Я не выдерживаю и улыбаюсь.
— Не полагается.
Сергей, запрокинув голову, смотрит на меня с таким жадным любопытством, что мне становится неловко. Наверное, начитался о нас всяких книг. В этих книгах обычно много преувеличений, и все там выглядит слишком уж героично и необыкновенно.

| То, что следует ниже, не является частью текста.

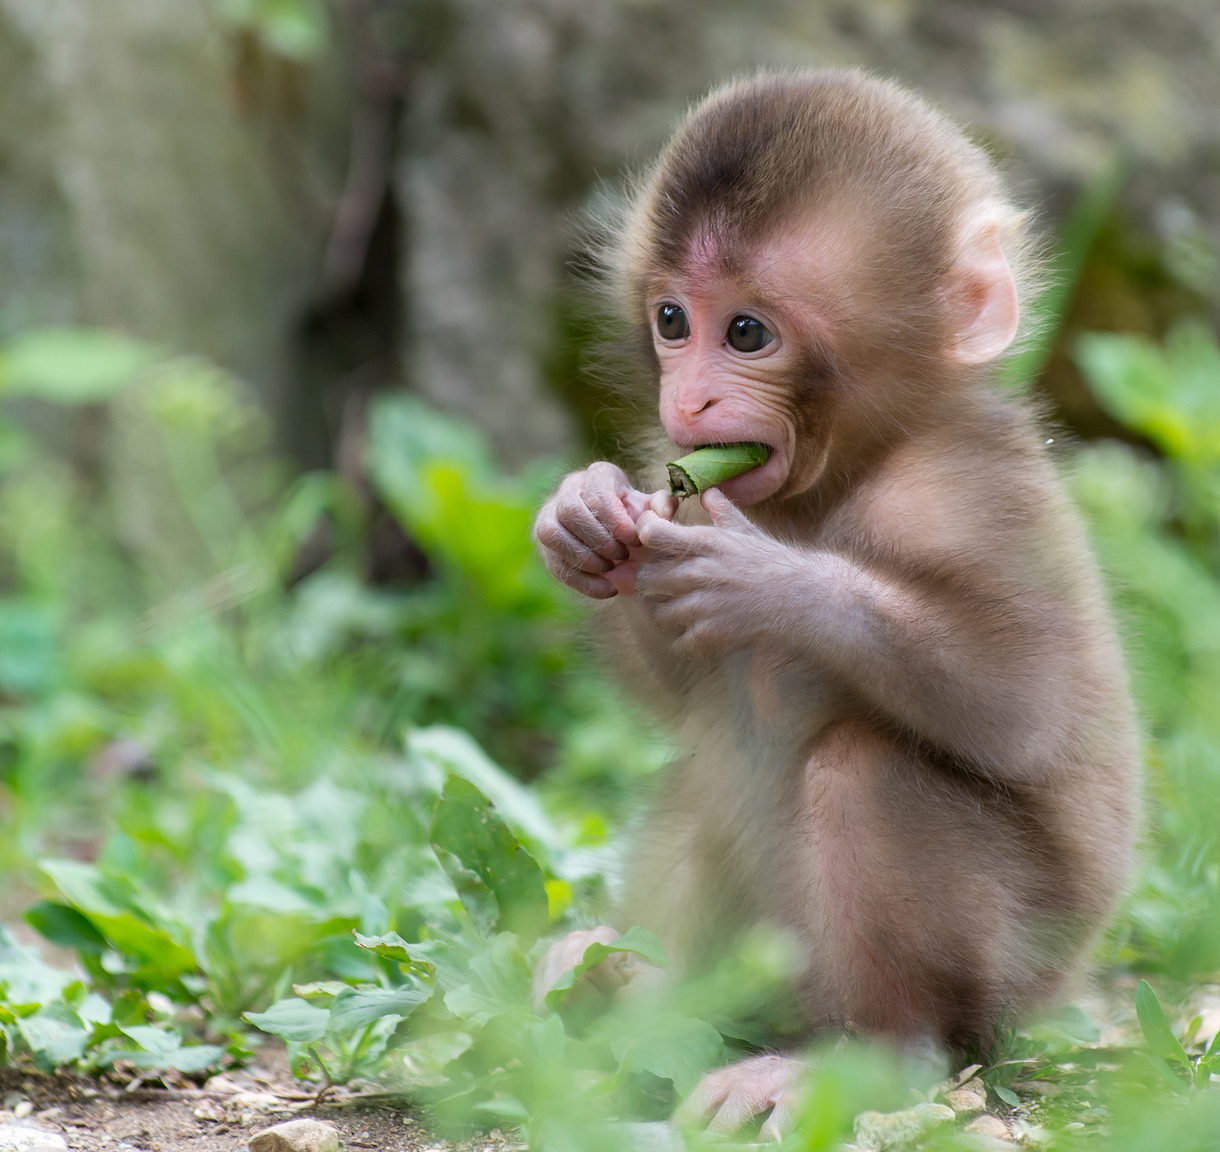 Nếu bạn yêu thích vật nuôi đáng yêu và đang tìm kiếm một con vật nhỏ bé dễ thương, hãy xem hình ảnh của chú khỉ đáng yêu đáng yêu này. Hình ảnh này sẽ khiến bạn phải cười toe toét và cảm thấy hạnh phúc khi được làm quen với chú khỉ đáng yêu này.

И, как бы отвечая на мои мысли, Сергей хлопает себя по карману и весело объявляет:
— Вот про вас книжку читаю. Во книга! Сегодня отдать надо.
Я улыбаюсь.
— К нам поступить не надумал?
— Не. Лучше про вас читать. А у меня интерес к технике. И отчасти к науке. А в вашей работе я… Слушайте, — вдруг возбужденно прерывает он сам себя, — а ведь я в тот вечер еще раз здесь был. Ну, конечно.
— Когда? — невольно настораживаюсь я.
— Ну, часов в пол-одиннадцатого. Вы понимаете, — торопливо продолжает Сергей. — Я же тут недалеко живу. Ну, считай, рядом. Меня начальник участка потому сюда и прислал. Я ж еще вечером в школе рабочей молодежи учусь. Так чтоб мне меньше времени на дорогу тратить. Он у нас во мужик! Ну так вот. Я когда от дяди Вовы ехал, вспомнил, что книжку забыл, чужую. Здесь, в вагончике нашем. Вот я по дороге домой и забежал. А замок там висит, так он любым гвоздем открывается. Вот я, значит, и заехал. И знаете… в общем, никакой девушки я не видел тут.
— Ты что же, на площадку заходил?
— Нет. Чего мне там делать? Забрал книжку и айда. Я говорю, на улице не видел, у ворот. А в темноте у меня, между прочим, знаете какое зрение? Как у совы. Почти инфракрасное.
— И вообще никого не видел на улице в это время? — допытываюсь я. Постарайся припомнить.
— Вообще? — Сергей задумывается и неуверенно произносит: — Двое каких-то работяг прошли…
— Откуда и куда?
— Оттуда вон, — машет рукой Сергей. — Мимо, значит, вагончика и… вроде в ворота зашли. Бутылка, я помню, у них была… — Уже уверенно добавляет: — Точно зашли. Я теперь вспомнил.
А я чувствую, как меня начинает охватывать знакомое волнение. Итак, картина разыгравшихся в тот вечер событий усложняется. Появляются еще два действующих лица, появляются именно в то время, когда эти события развертывались. Значит, те двое или участвовали в этих событиях, или, во всяком случае, должны были что-то видеть. Но какими бы они ни были пьянчугами и опустившимися людьми, если бы на их глазах убивали женщину или эта женщина кинулась бы сама в котлован, они бы, даже побоявшись вмешаться, все-таки в этом случае прибежали бы к нам, я полагаю. И то, что никто из них не прибежал, указывает… Впрочем, рано еще строить предположения. Пока что надо попробовать этих двоих найти.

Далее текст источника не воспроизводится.